For months, complaints have been mounting about the living conditions of detainees and detainees’ access to legal counsel in Torrance.

Recently, the ACLU’s New Mexico office and another advocacy group, the Innovation Law Lab, obtained documents through a public filing request, including maintenance records and personnel information that attorneys say support previous complaints.

One of the documents registered more than 2,000 maintenance calls between August 2021 and July of this year for situations such as clogged or overflowing toilets, lack of hot water, and other issues related to the physical structure of the building, which has more than 30 years of Antiguaty.

“CoreCivic’s own records demonstrate that these serious health and safety issues have been known for a long time,” said Rebecca Sheff, lead attorney for the ACLU’s New Mexico office.
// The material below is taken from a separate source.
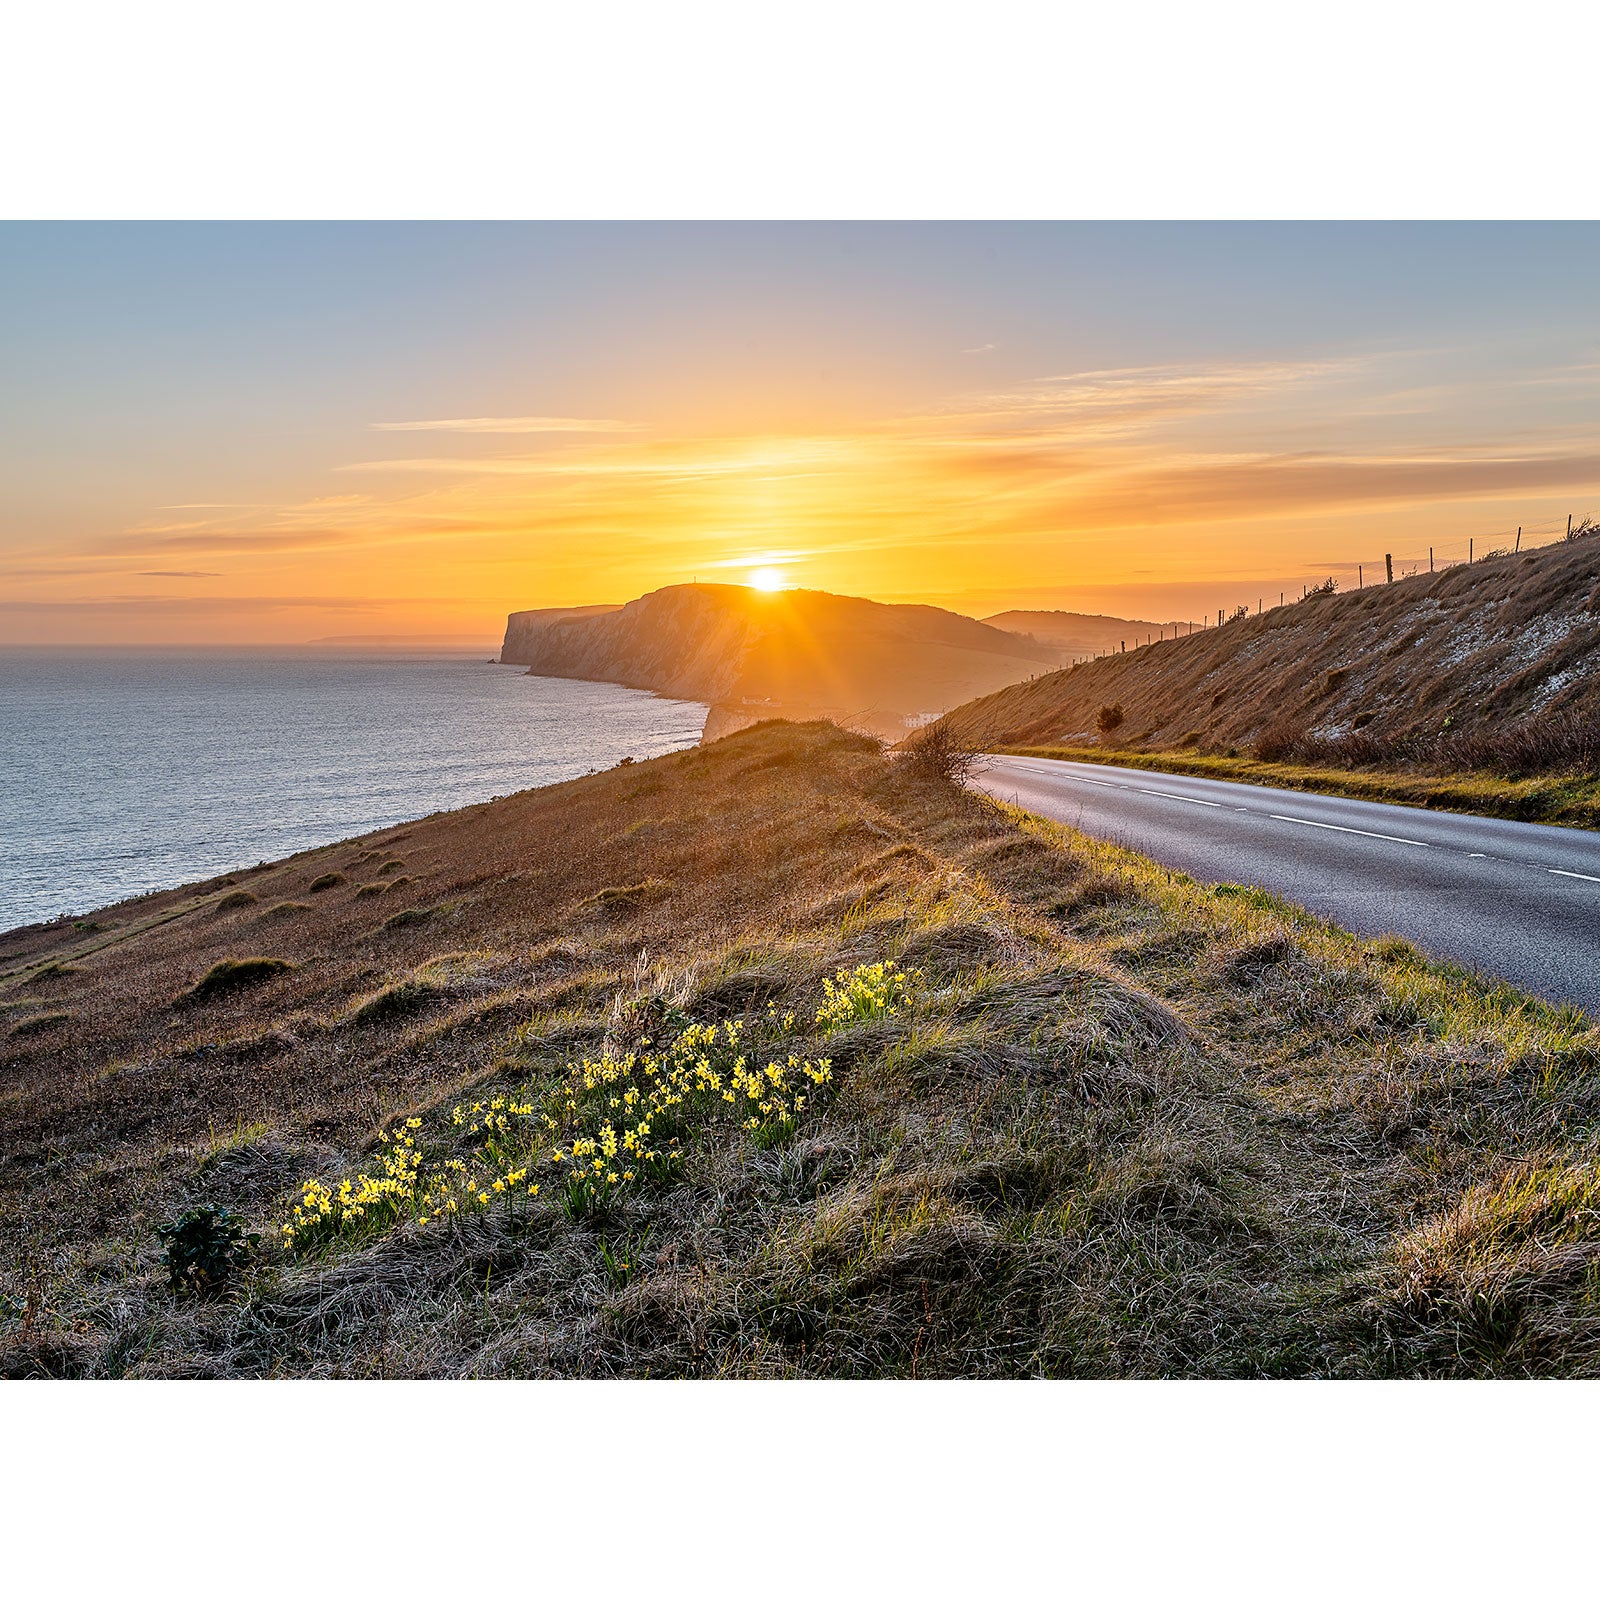 Sunset over a coastal road on the Isle of Wight with ocean views and flowering plants in the foreground, captured by Springtime at Freshwater photography by Available Light Photography.

Attorneys for inmates in Torrance said they find it difficult to schedule meetings with their clients to discuss fundamental issues about their cases. Phone calls are often cut off. And when they spoke to detainees, they heard the same complaints about structural problems with the building and drinking water that they thought made them feel sick. And there have been repeated reports that the center is understaffed.

ICE Chief of Staff Houser visited the facility earlier this month and said he drank the water and did not feel sick. An ICE spokesman said Torrance inmates are getting 130 minutes of free phone calls per week in 10-minute increments, which may explain why calls are being dropped.

ICE oversees 178 facilities across the country, most of which are run by private companies or county jails, where immigrants who entered the country illegally are detained.